Solve equation for $0^\circ < x < 360^\circ$ Solve the following equation for $0^\circ < x < 360^\circ$ 
$$\cos(2x - 15^\circ) = -0.145$$
By finding out the cos inverse, I get $81.7^\circ$. Because $-0.145$ is negative, it lies on the 2nd and 3rd quadrant. That is we can find $x$ by $(180 + \theta)$ and $(180 - \theta)$.

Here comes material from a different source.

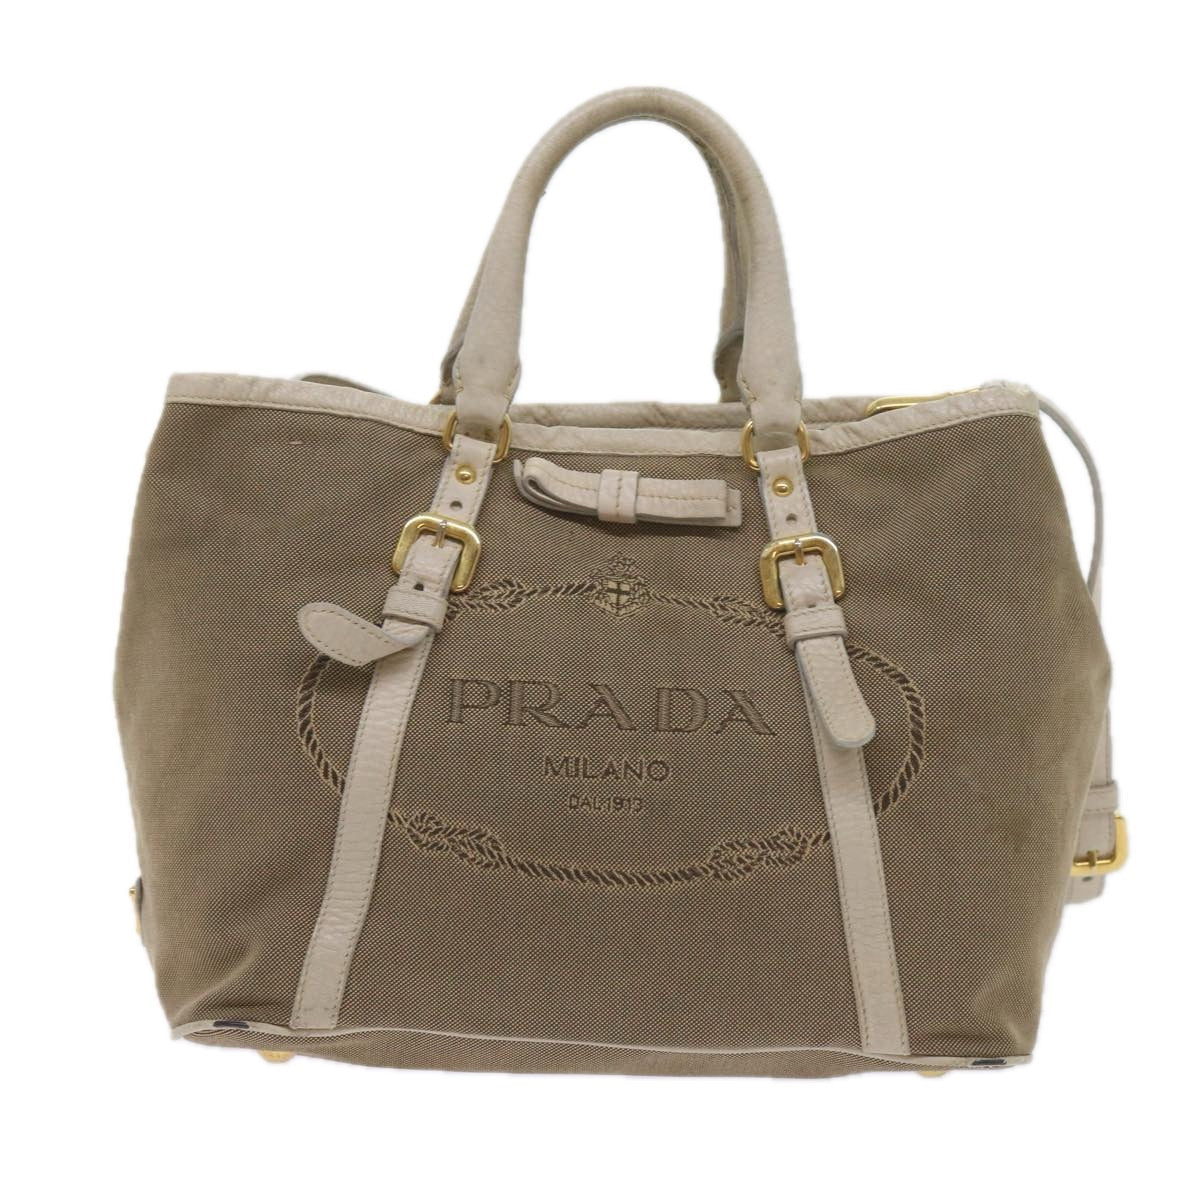 PRADA Hand Bag Canvas Leather 2way Brown Auth bs10386 - 0

So this was what I've thought:
$$2x-15^\circ = 81.7^\circ$$
From here according to me, $$x=(81.7^\circ + 15^\circ)/2$$ gives $$x=48.4$$ which is not the answer in my book.
Then comes $$2x-15^\circ=(180+81.7^\circ),(180-81.7^\circ)$$
From here I find $$x=138.35^\circ, 56.7^\circ$$ these answers are correct.
Now, the first answer $48.4$ is wrong, and there is one more answer in my book, i.e, there are $4$ values in the answer, where I got $3$ answers and $1$ is wrong.
Could someone help help me to find the two other answers?
 A: \begin{align}
\cos( 2x - 15^\circ ) &= -0.145 \\
2x - 15^\circ &= \cos^{-1}(-0.145) + 360^\circ k \quad\quad \ k\in \ldots -2, -1, 0, 1, 2, \ldots  \\
x  &= \frac{1}{2} \left( 15^\circ + \cos^{-1}(-0.145) + 360^\circ k \right) \quad\quad \ k\in \ldots -2, -1, 0, 1, 2, \ldots  \\
x  &= \frac{1}{2} \left( 15^\circ \pm 98.3372791889057^\circ + 360^\circ k \right) \quad\quad \ k\in \ldots -2, -1, 0, 1, 2, \ldots  \\
x &=  56.6686395944528^\circ, 138.331360405547^\circ, 236.668639594453^\circ, 318.331360405547^\circ
\end{align}
A: For this post I assume you're using degrees and not something else like radians.
You could try using the inverse cosine function which is called $\arccos$ or $\cos^{-1}$ depending on who you ask. Below I'll be using $\arccos$ but if you normally see $\cos^{-1}$ then just know that they are the same.

Here's an example of using it:
$$\cos(x)=0.5$$
I take the function $\arccos$ on both sides
$$\arccos(\cos(x))=\arccos(0.5)$$
You can calculate $\arccos(x)$ on your calculator, make sure it's set on degrees mode.
$$x=60^{\circ}$$

This works because $\cos(x)$ and $\arccos(x)$ cancel each other just like $\sqrt{x}$ and $x^2$ cancels each other.
After you've used the function you have a much simpler equation which you probably can solve yourself.